Numbers from public posts and conference talks, as of 2024 to 2025. Netflix’s data platform stores hundreds of petabytes on Amazon S3, in Iceberg tables, covering viewing telemetry, content metadata, recommendations training data, A/B test outcomes, finance data, ad-tier telemetry, and operational logs of the streaming infrastructure.

On top of that storage, Netflix runs many thousands of batch jobs per day in Spark, Trino, Flink, and SQL workflows. Roughly three thousand people inside the company interact with the platform regularly. The platform is multi-tenant, with very different workloads and sensitivities to latency, cost, and reliability.

The annual data-platform spend is in the hundreds of millions of dollars. Individual cost-reduction projects have saved tens of millions each. At this scale, a one percent efficiency improvement is a real headcount of engineering time. Cost optimisation is not a side project; it is a discipline.

Maestro: the orchestrator

Every batch platform needs an orchestrator. Airflow, Prefect, Dagster, Argo, Temporal, and a dozen smaller players cover the open-source space. For most teams the right answer is to pick one off the shelf. Netflix did not.

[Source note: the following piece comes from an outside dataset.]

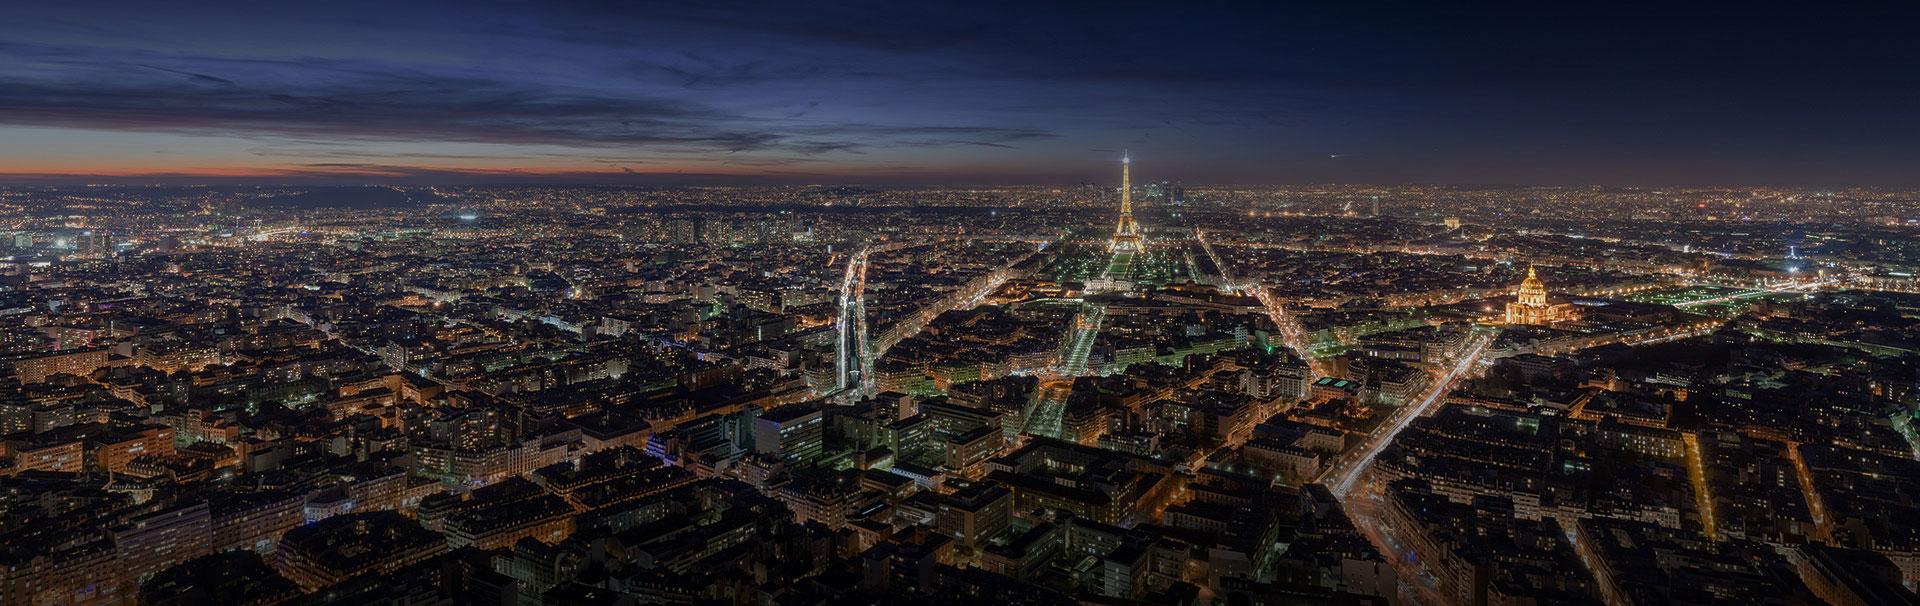 www.videolan.org/images/events/vdd18/paris-night.jpg

Before Maestro, Netflix ran a homegrown system called Meson on top of Genie, and before that a series of internal tools. By the late 2010s, Meson was straining: the workflow definition model was hard to compose at scale, the scheduler had performance issues at thousands of concurrent runs, and the multi-tenancy story had grown organically rather than by design.

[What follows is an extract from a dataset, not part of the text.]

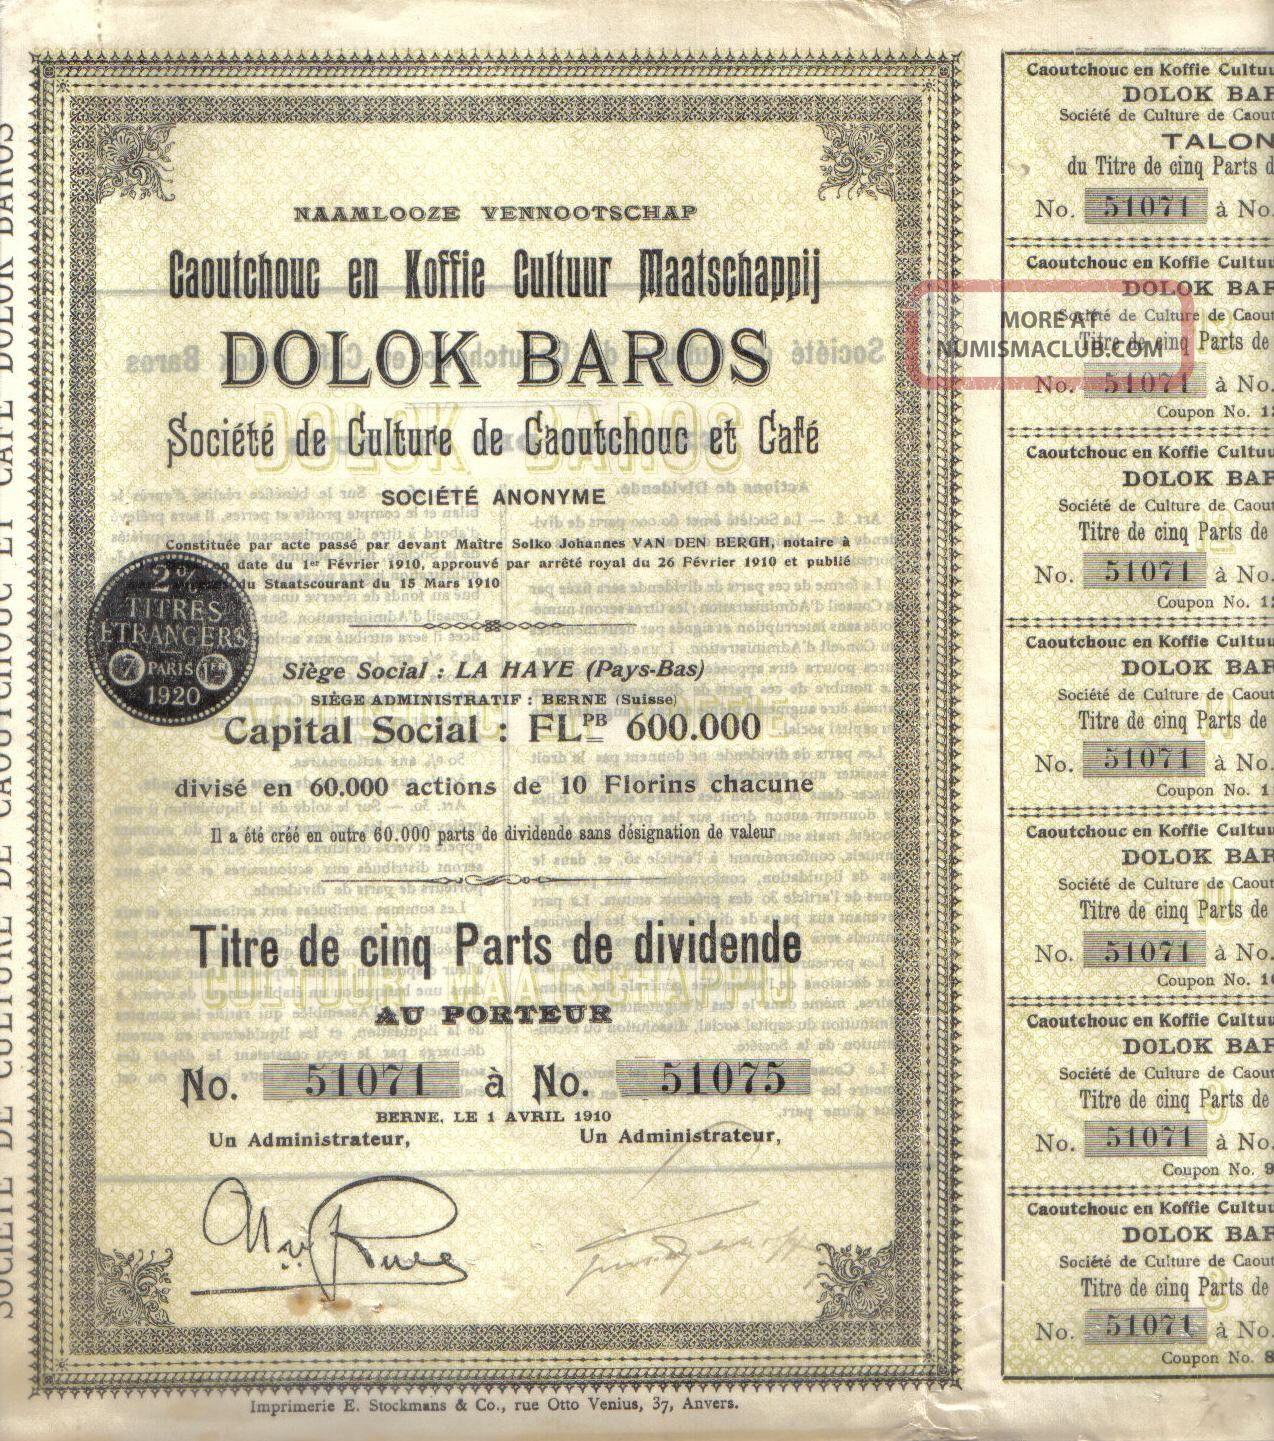 Netherlands Sumatra 1927 Caoutchouc Rubber Coffee Dolok Baros Co Uncancelled

Maestro, announced and open-sourced in 2024 in the Netflix Tech Blog post “Maestro: Netflix’s Workflow Orchestrator” (https://netflixtechblog.com/maestro-netflixs-workflow-orchestrator-ee13a06f9c78, retrieved 2026-05-01), is the rewrite. Three properties stand out.

Workflow composition. Maestro models workflows as DAGs of steps, with first-class composition of workflows out of other workflows. When many teams share a platform, reusable building blocks need to compose without copy-paste and be versioned as their authors evolve them. Off-the-shelf orchestrators handle this with varying grace; at Netflix’s scale the gracefulness is load-bearing.

Multi-tenancy and isolation. A single Maestro instance runs workflows for many teams with different priorities. It is built to schedule fairly, isolate noisy neighbours, and apply per-team quotas without a separate deployment per team. The kind of property that is invisible until you need it and then becomes the entire reason the system exists.

Scheduler scale. Hundreds of thousands of workflow runs per day on a stateless scheduling tier with a durable state store and an event-driven design. Airflow at this scale needs careful tuning and meta-scheduling; Maestro is engineered for it from the start.

The honest reading: Netflix built Maestro because off-the-shelf options did not fit their specific scale, multi-tenancy, and culture. A defensible reason that does not generalise. Most teams should pick Airflow or Prefect or Dagster, configure them well, and put their engineering effort into the data. The Maestro story is here to illustrate the calculation, not the conclusion. Build-versus-buy at the platform layer is a real decision, and the threshold at which build wins is much higher than most teams think.

Iceberg: the table format

Apache Iceberg started at Netflix. Ryan Blue and Daniel Weeks, then Netflix engineers, designed it in 2017 to solve a problem that everyone running Hive at petabyte scale had: the Hive metastore approach to table metadata was breaking. The 2018 Strata talk and subsequent Netflix Tech Blog posts describe the failure modes in detail. The official documentation at https://iceberg.apache.org/ (retrieved 2026-05-01) covers the origin and the format.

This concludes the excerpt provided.